Tıpkı geçen hafta Bolu da yanan otel, Konya da çöken bina, Diyarbakır da, Van da, Tekirdağ da, İstanbul da öldürülen kız çocuklarının akıbeti gibi.
Yarın yine deprem olacak, yine kadına çocuğa şiddet tekrarlanacak, otel, ev, fabrika ile dükkanlar ve ormanlar yanmaya devam edecek.
Gerekli olan; bu olaylar olmadan denetim yapmak ve tedbir almaktır. Gerçekleştikten sonra suçluyu bulmak önemli ama nedense ulaşılamıyor.

Sokaktaki adam merak ediyor. Son zamanlarda ülkenin durumuna akıl sır erdiremiyor.
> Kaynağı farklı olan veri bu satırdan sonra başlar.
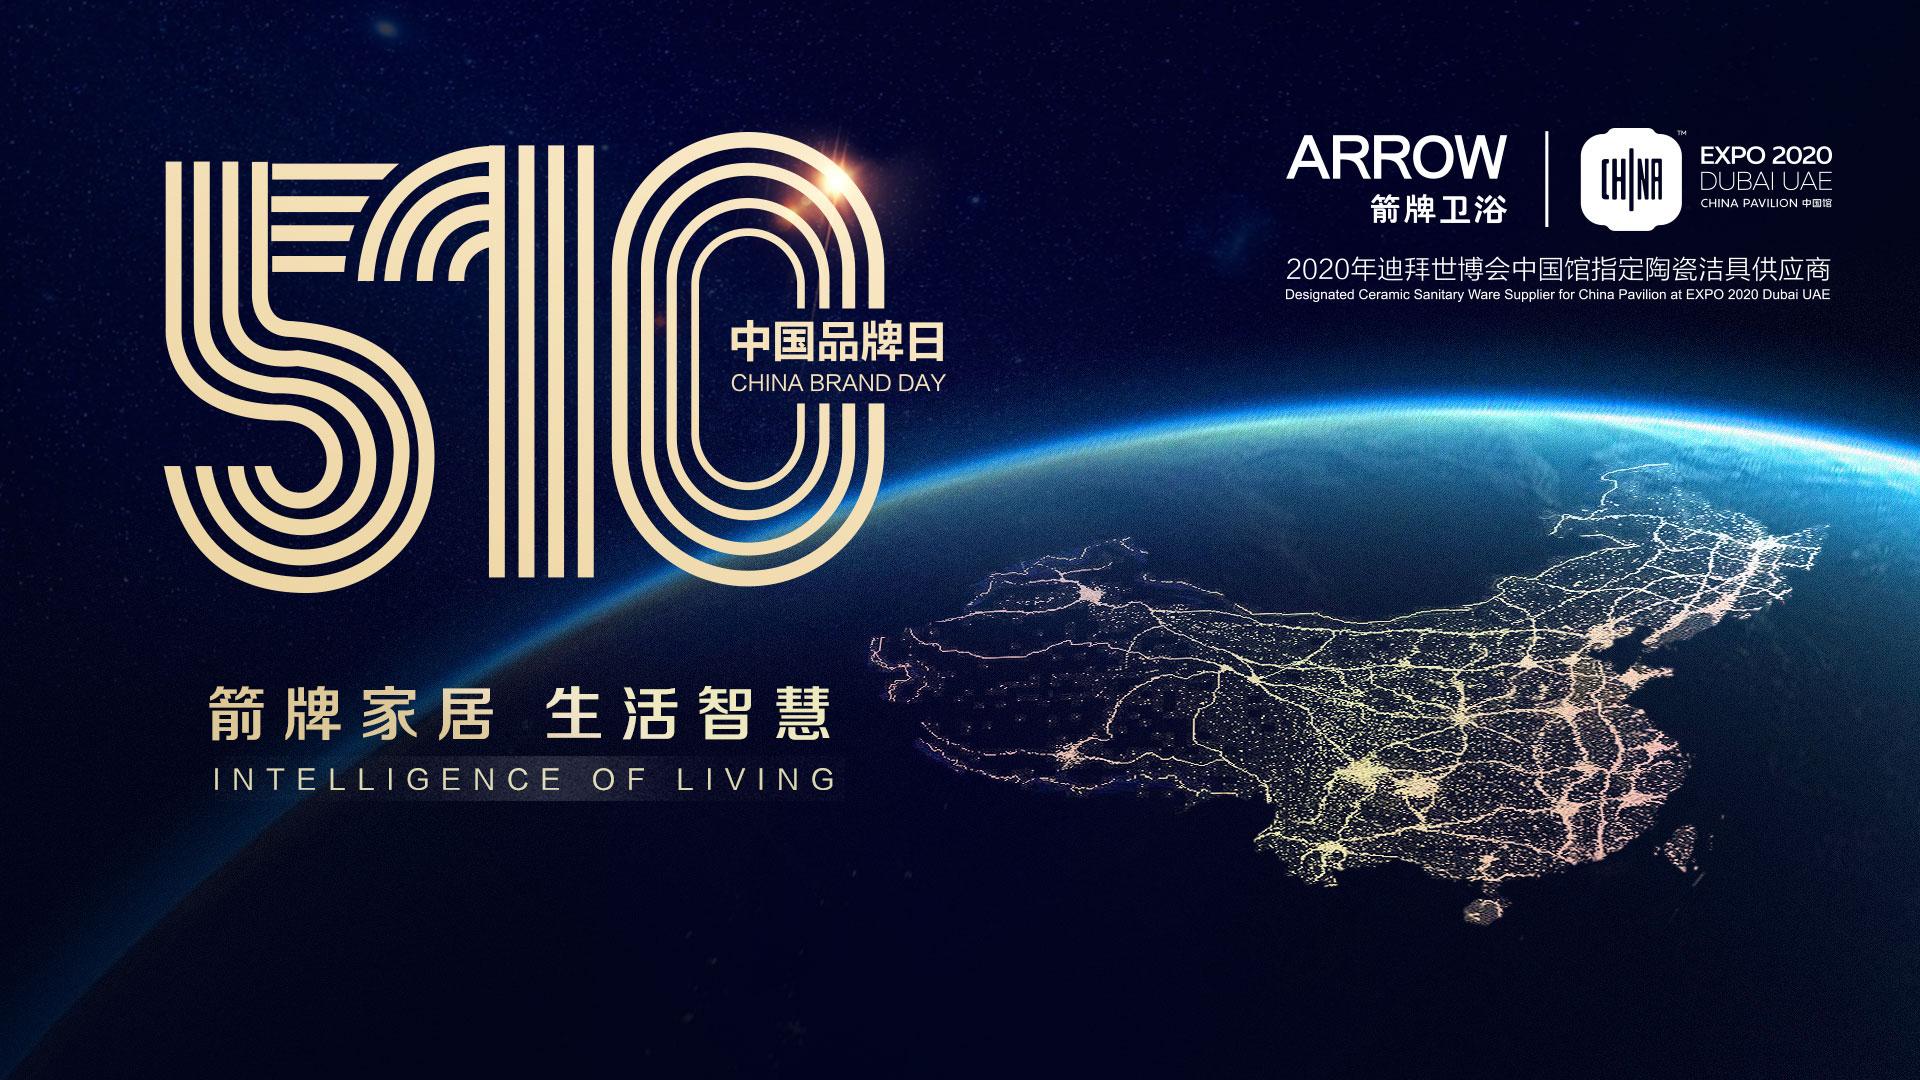 箭牌卫浴与中国品牌日的律动:世界共享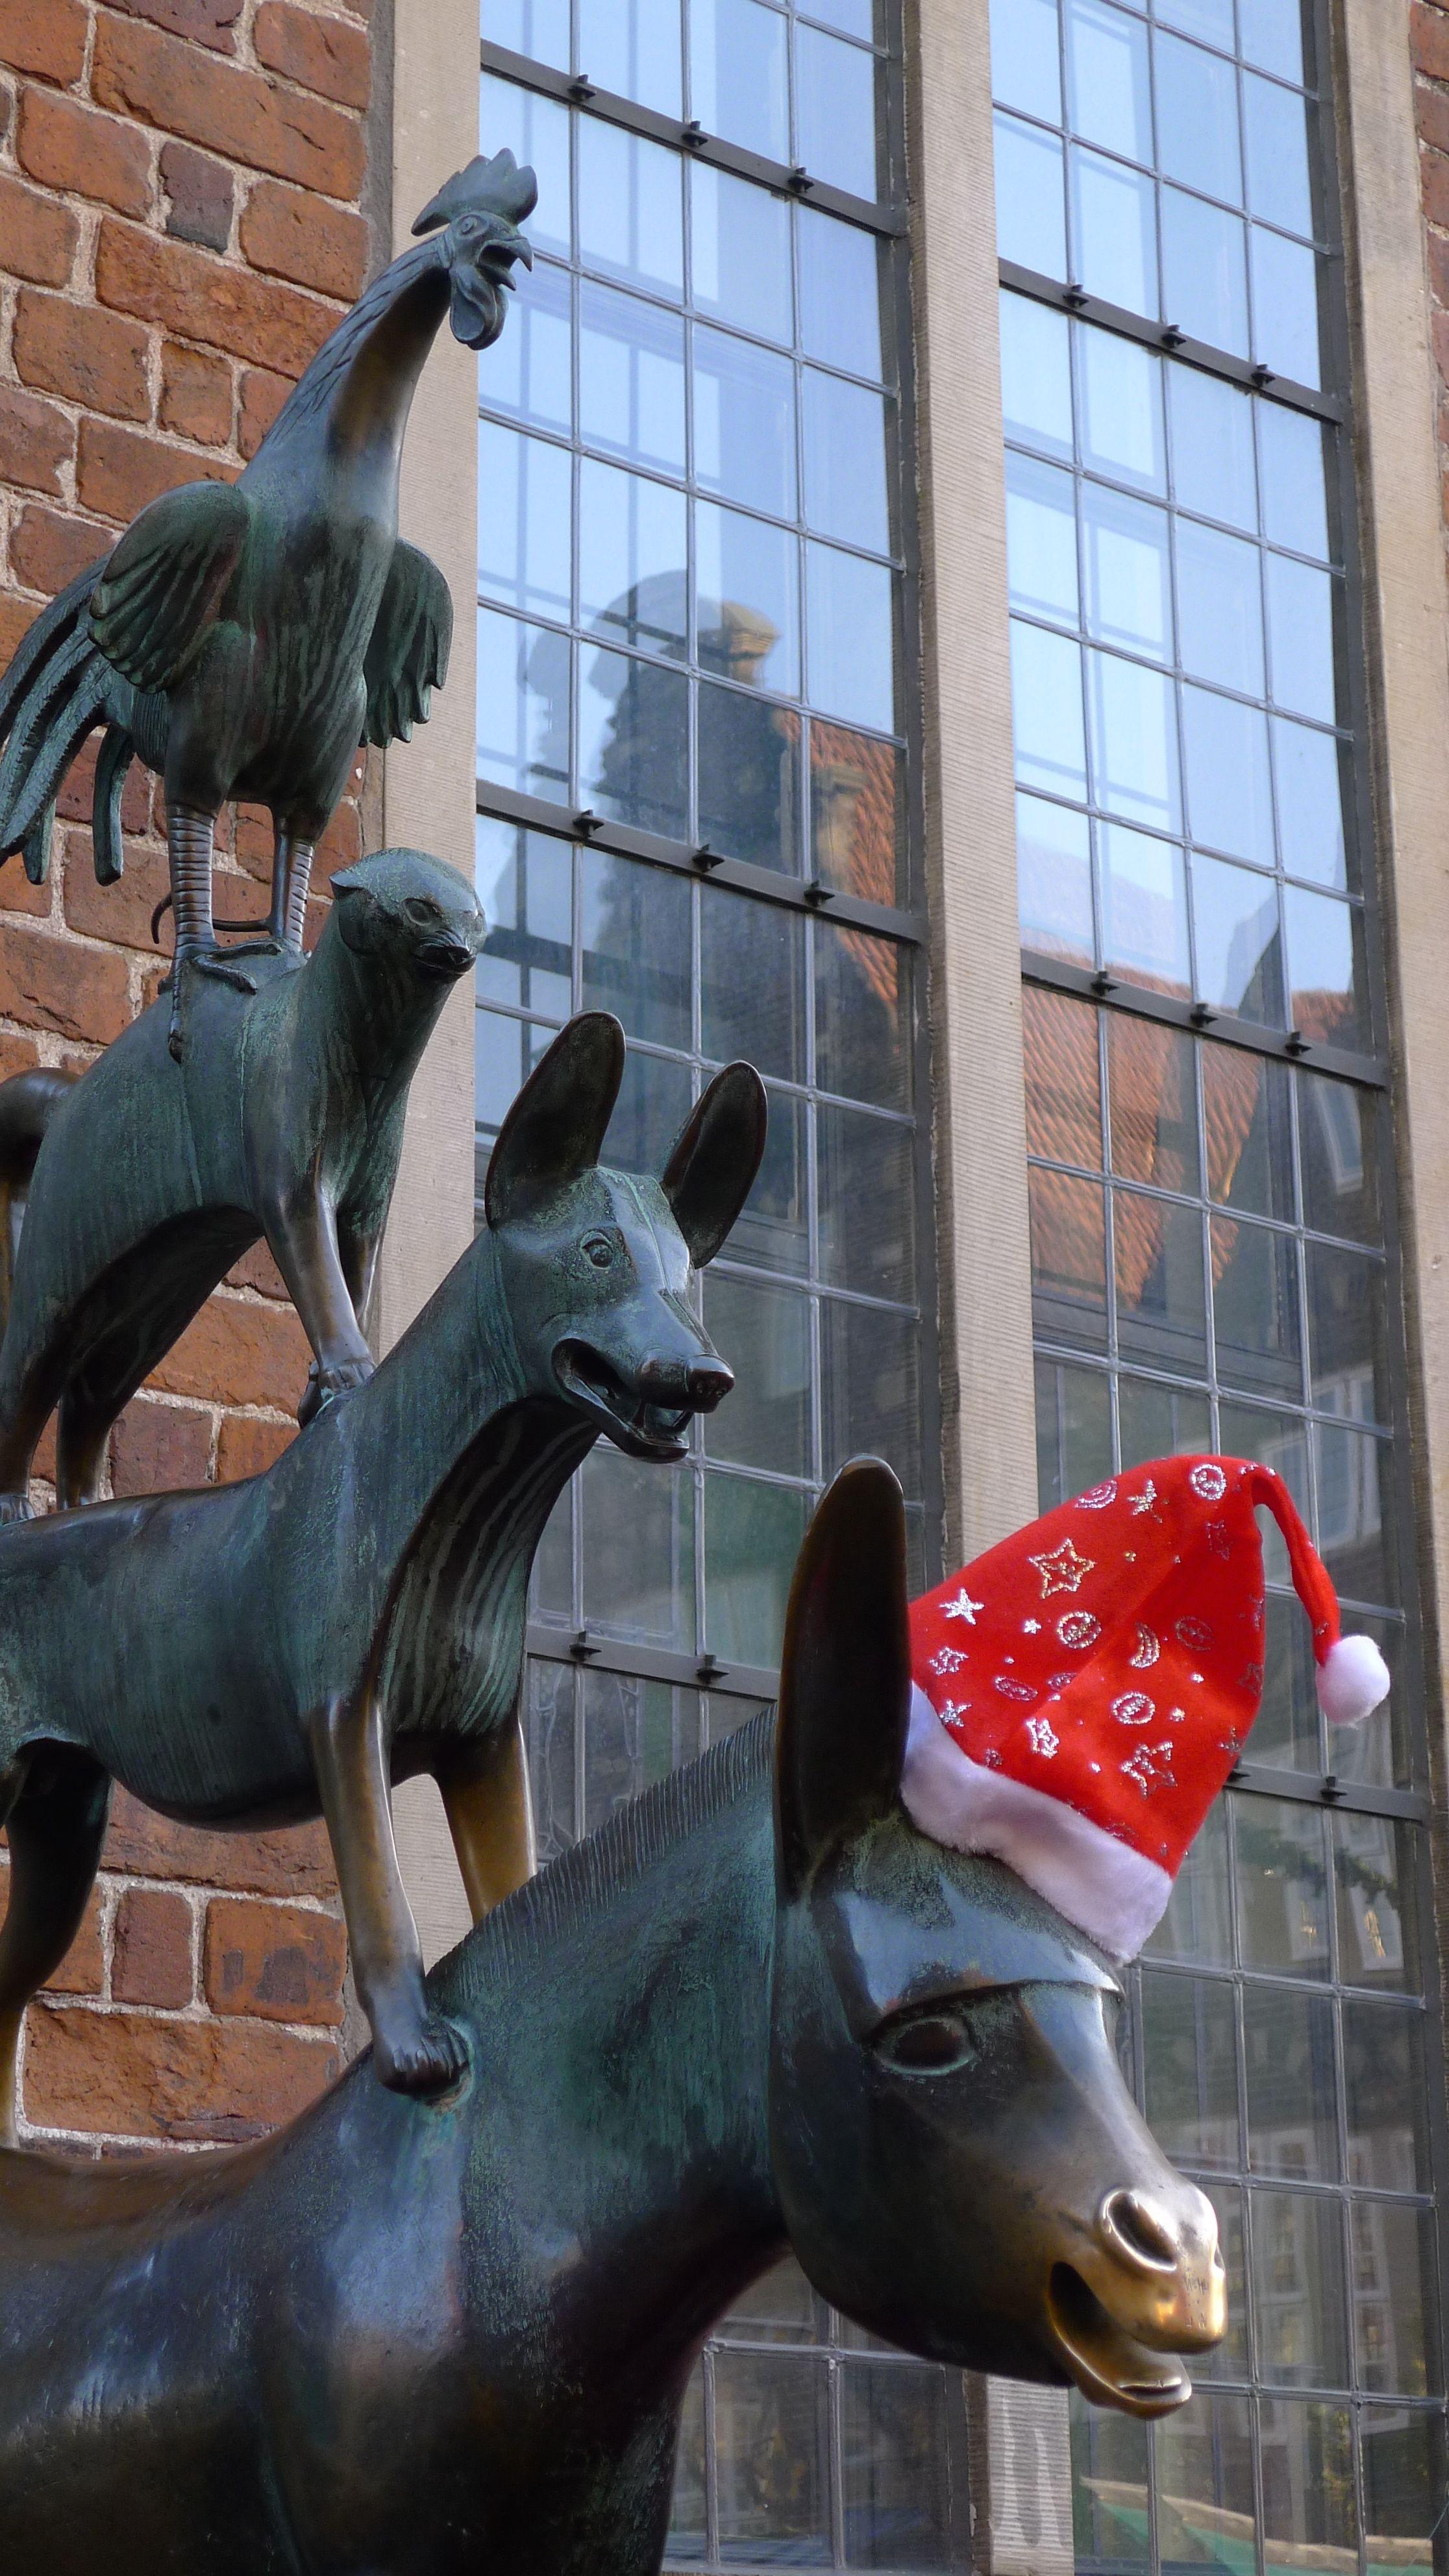 bremer stadtmusikanten in weihnachtstimmung bremen

Çünkü memlekette garip bir haller oluyor diyor.
Ekonomik buhranın gölgesinde gelişen bunca tatsızlığın sorumlusu kim diye soruyor?
Siyasetçisinden, sporcusuna, sinemacısından oyuncusuna kadar her gün birileri tutuklanıyor. 
Ülkede bunca sorun varken ve bu sorunlar çözüm beklerken vatandaş şaşkın. İktidar, sorun çözmekten çok, sorun üretmeye mi evirildi diye düşünüyor.

Belki de; “Perşembenin gelişi çarşambadan bellidir” atasözü, tehlikenin sesini duyar gibi ve tehlike her zaman dikkate almadığınız yerden gelir.

Artık çoğu kimse görmüyor, duymuyor, tepki vermiyor, sorgulamıyor.
Özetle kendi halinde sessizce, öylece yaşamaya devam ediyor.
Birsen Tezer diyor ki; “Her yeri yalnızlık sarmış. Sen nasılsın?” diye soran bile yok artık.
Bizce de, olacakları uzakta aramayın çünkü her şey yanı başınızda olup bitiyor.